BPJS Kesehatan Jelaskan Soal 3 Aturan yang Dikritik Menkes

Ilustrasi BPJS Kesehatan. TEMPO/Tony Hartawan

Jakarta - Direktur Jaminan Pelayanan Kesehatan BPJS Kesehatan Maya A. Rusady menuturkan, selama 4 tahun, Jaminan Kesehatan Nasional-Kartu Indonesia Sehat (JKN-KIS) hingga kini sudah mengalokasikan senilai Rp 250 triliun untuk pembiayaan kesehatan baik di layanan primer maupun rujukan. Dari Rp 250 triliun yang dibayarkan BPJS, sebesar 80 persen untuk membayarkan rawat jalan.

"Peserta JKN KIS lebih dari 200 juta jiwa. Untuk menjamin kesehatan peserta dan agar lebih efisien maka diterbitkan tiga aturan itu. Terlebih BPJS diminta di rapat tingkat menteri untuk BPJS mengendalikan biaya," katanya, Senin, 27 Agustus 2018.

Kementerian Kesehatan meminta tiga aturan Direktur Jaminan Pelayanan Kesehatan BPJS Kesehatan yang baru saja diterapkan untuk ditunda pemberlakuannya.

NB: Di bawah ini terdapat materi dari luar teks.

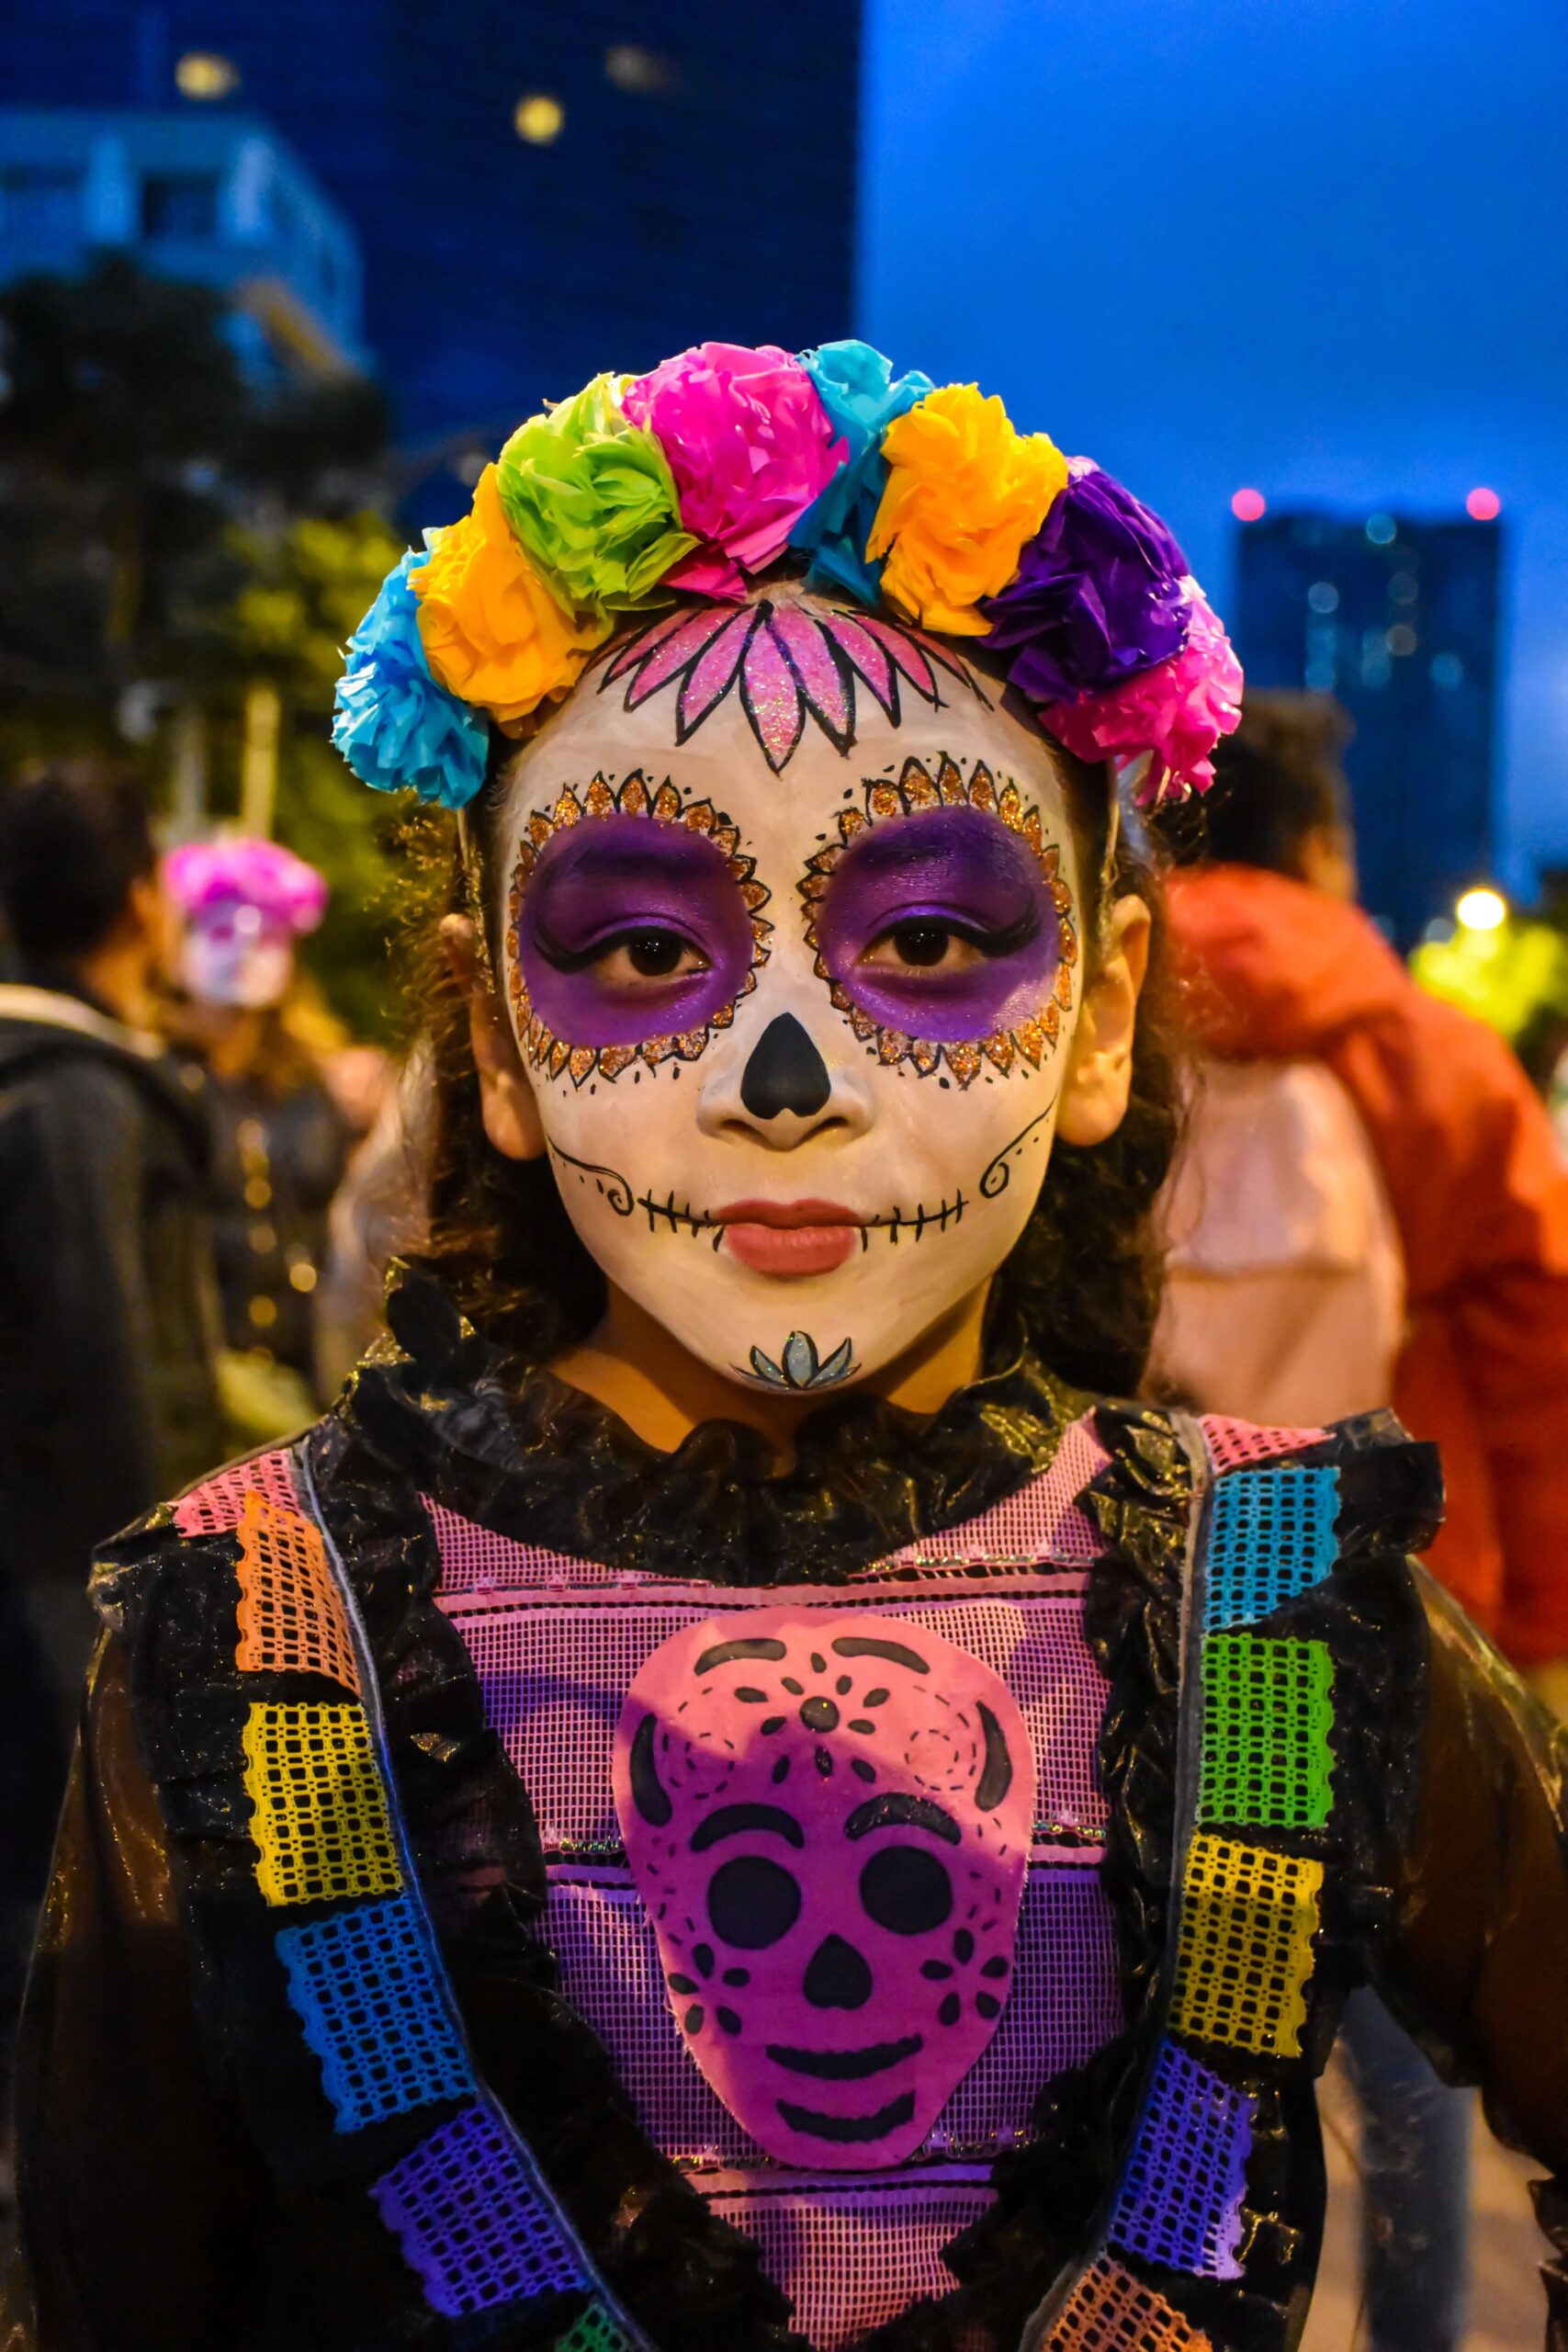 The first day of Dia de Los Muertos is known as Dia de Los Angelitos - Mad Halloween

Sebab, ketiga aturan tersebut seharusnya diatur melalui peraturan presiden.

Ketiga aturan tersebut yakni Peraturan Direktur Jaminan Pelayanan Kesehatan (Perdirjampelkes) No.2/2018 tentang Penjaminan Pelayanan Katarak dalam Program Jaminan Kesehatan, Perdirjampelkes No.3/2018 tentang Penjaminan Pelayanan Persalinan dengan Bayi Lahir Sehat, dan Perdirjampelkes No.5/2018 tentang Penjaminan Pelayanan Rehabilitasi Medik.

Berdasarkan data BPJS Kesehatan, ada tiga penyakit yang menduduki paling besar biaya rawat jalan dan inap yakni operasi katarak, persalinan bayi yang lahir sehat dari ibu yang caesar, dan perawatan fisioterapi.

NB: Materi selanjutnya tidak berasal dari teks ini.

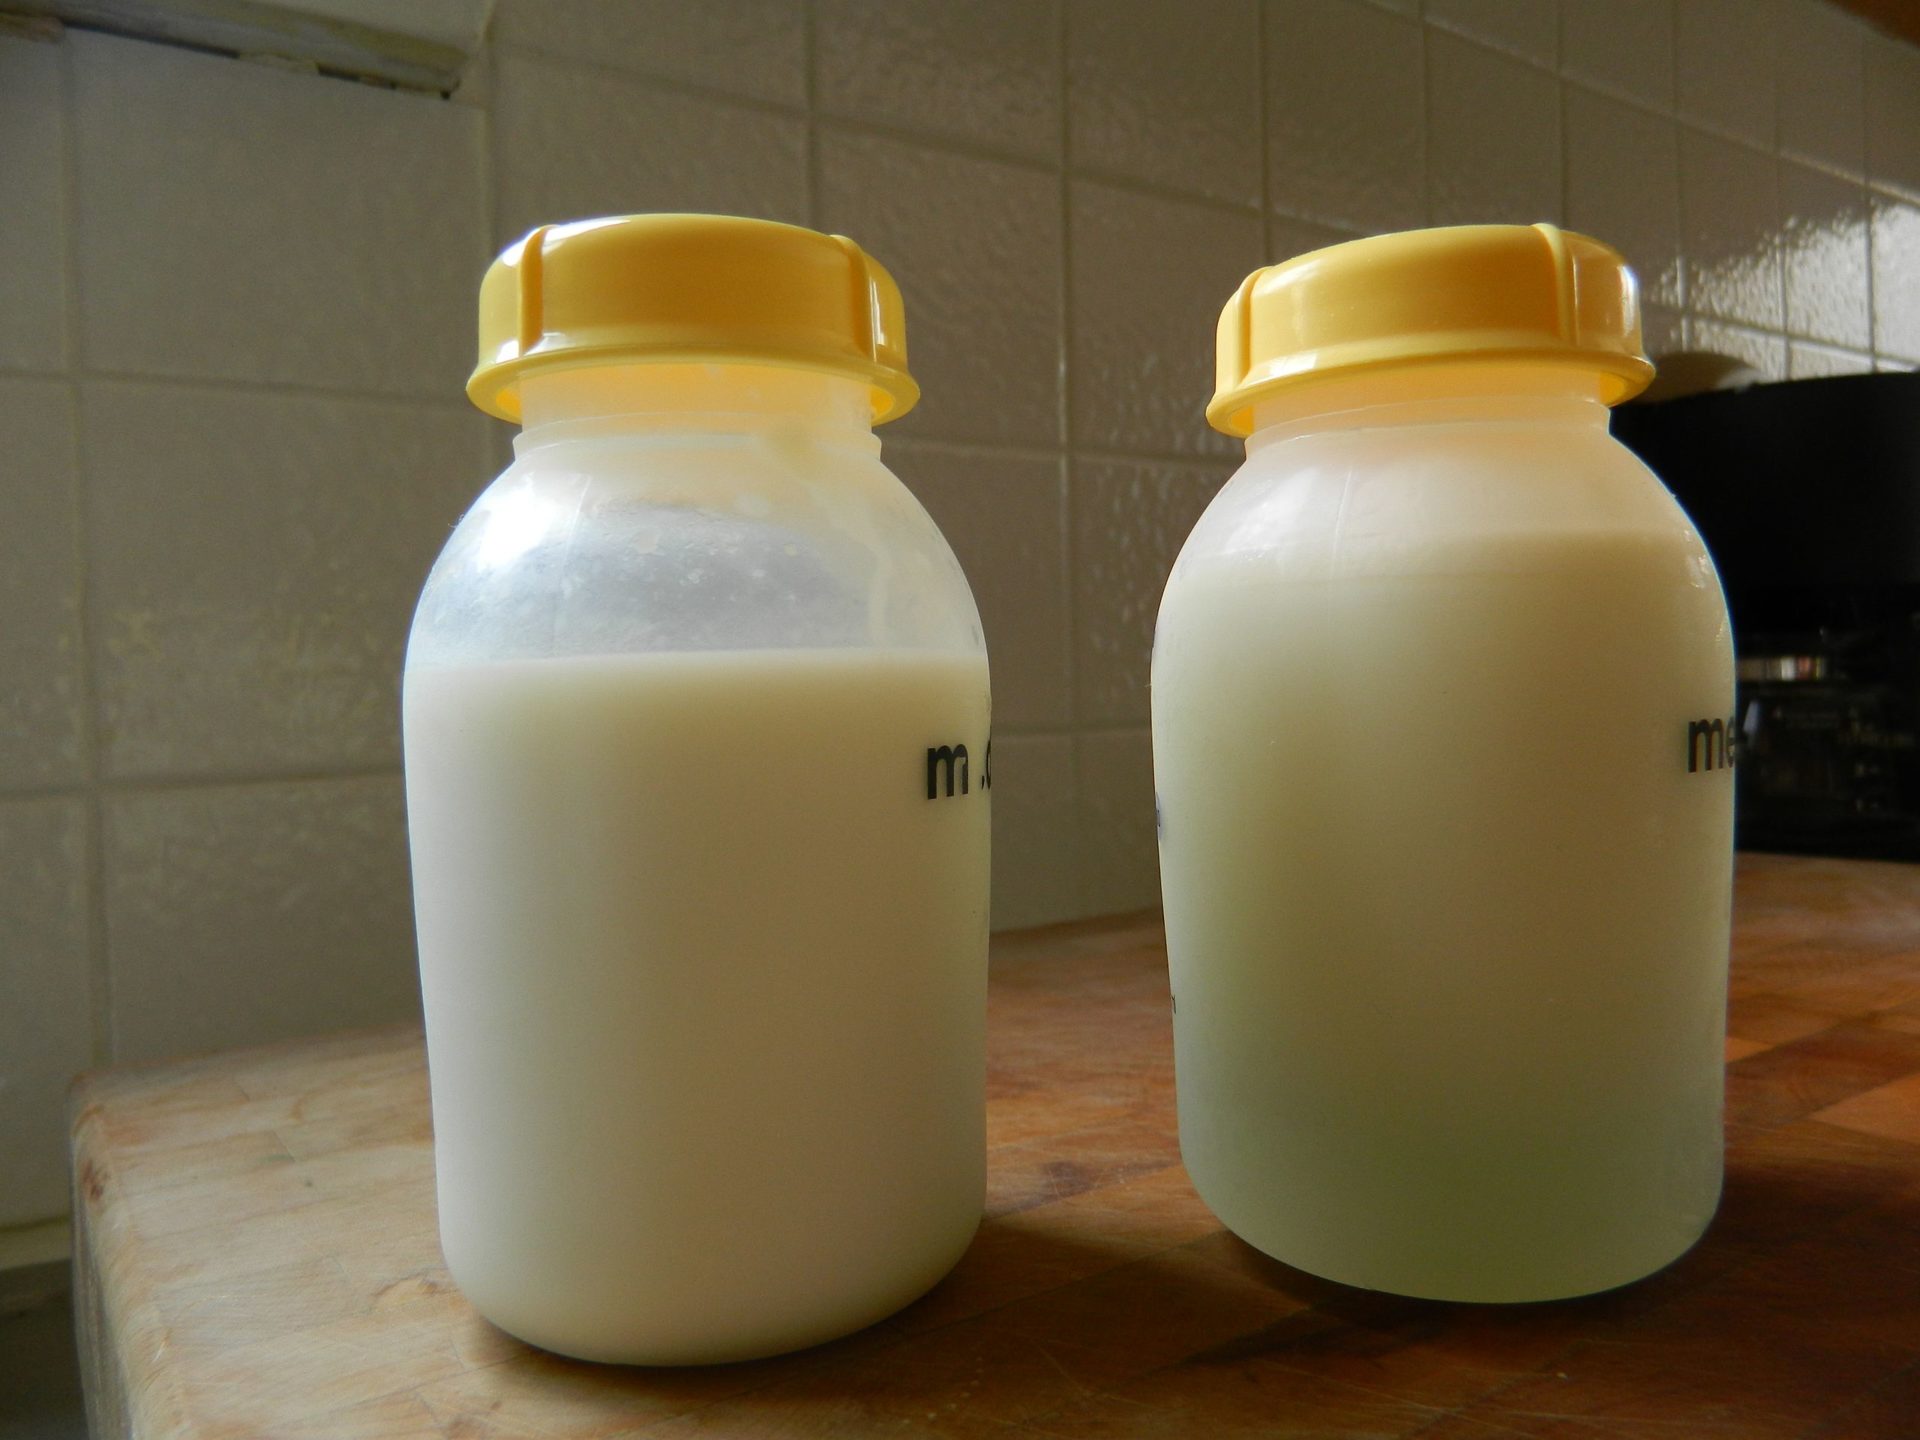 สีของน้ำนมแม่เปรียบเทียบกับนมผง (ภาพจาก: <a href="https://en.wikipedia.org/wiki/File:Formula_and_breastmilk.jpg" target="_blank">Wikipedia</a>)

Sepanjang tahun lalu, BPJS membayar klaim bayi baru lahir sehat senilai Rp 1,7 triliun, operasi katarak senilai Rp 2,65 triliun, dan fisioterapi senilai Rp 965 miliar.

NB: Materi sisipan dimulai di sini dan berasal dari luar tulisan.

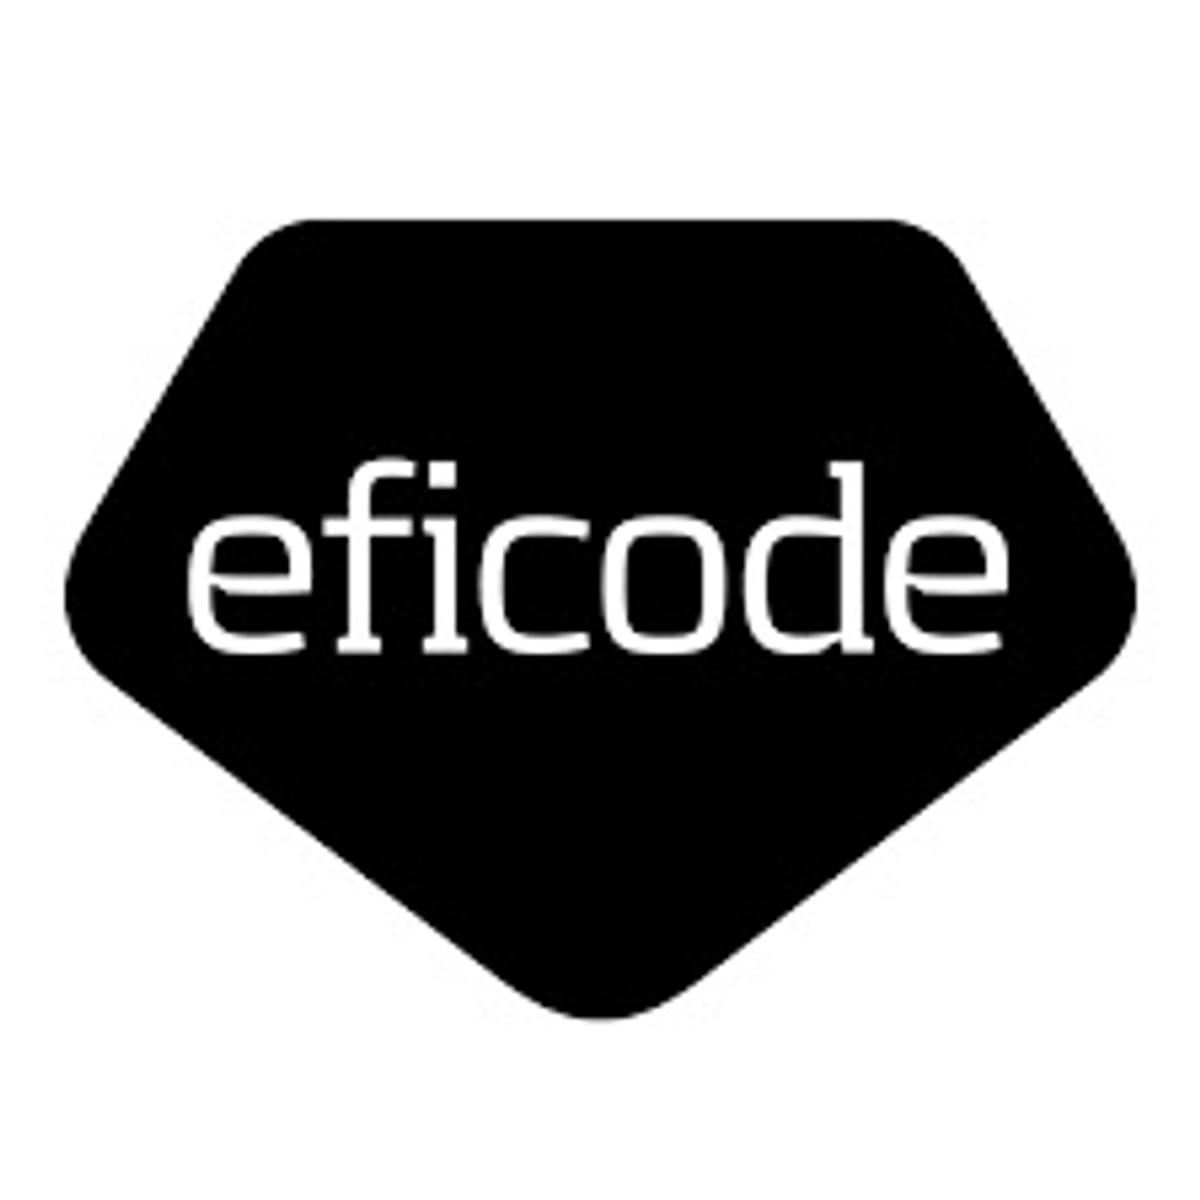 DevOps-platform van Eficode erkend in Gartner Hype Cycle 2020 image

"Utilisasinya cukup tinggi dari biaya juga demikian tapi kasusnya tidak tergolong gawat darurat yang perlu diprioritaskan dan dilakukan sehingga ada upaya efisien. Lalu muncul tiga aturan ini," kata Maya.

Untuk diketahui, keuangan BPJS Kesehatan mengalami defisit sekitar Rp 9,75 triliun pada 2017. Begitu juga pada 2016 defisit senilai Rp 9,7 triliun. Defisit tersebut terus bertambah hingga saat ini.

Hitungan itu berdasarkan jumlah pendapatan iuran dari program JKN-KIS, yang hanya senilai Rp 74,25 triliun sementara jumlah klaimnya mencapai Rp 84 triliun.

Berdasarkan Rencana Kinerja dan Anggaran Tahunan BPJS Kesehatan Tahun 2018, pendapatan ditargetkan mencapai Rp 79,77 triliun dan pembiayaan sebesar Rp 87,80 triliun yang artinya defisit sekitar Rp 8,03 triliun.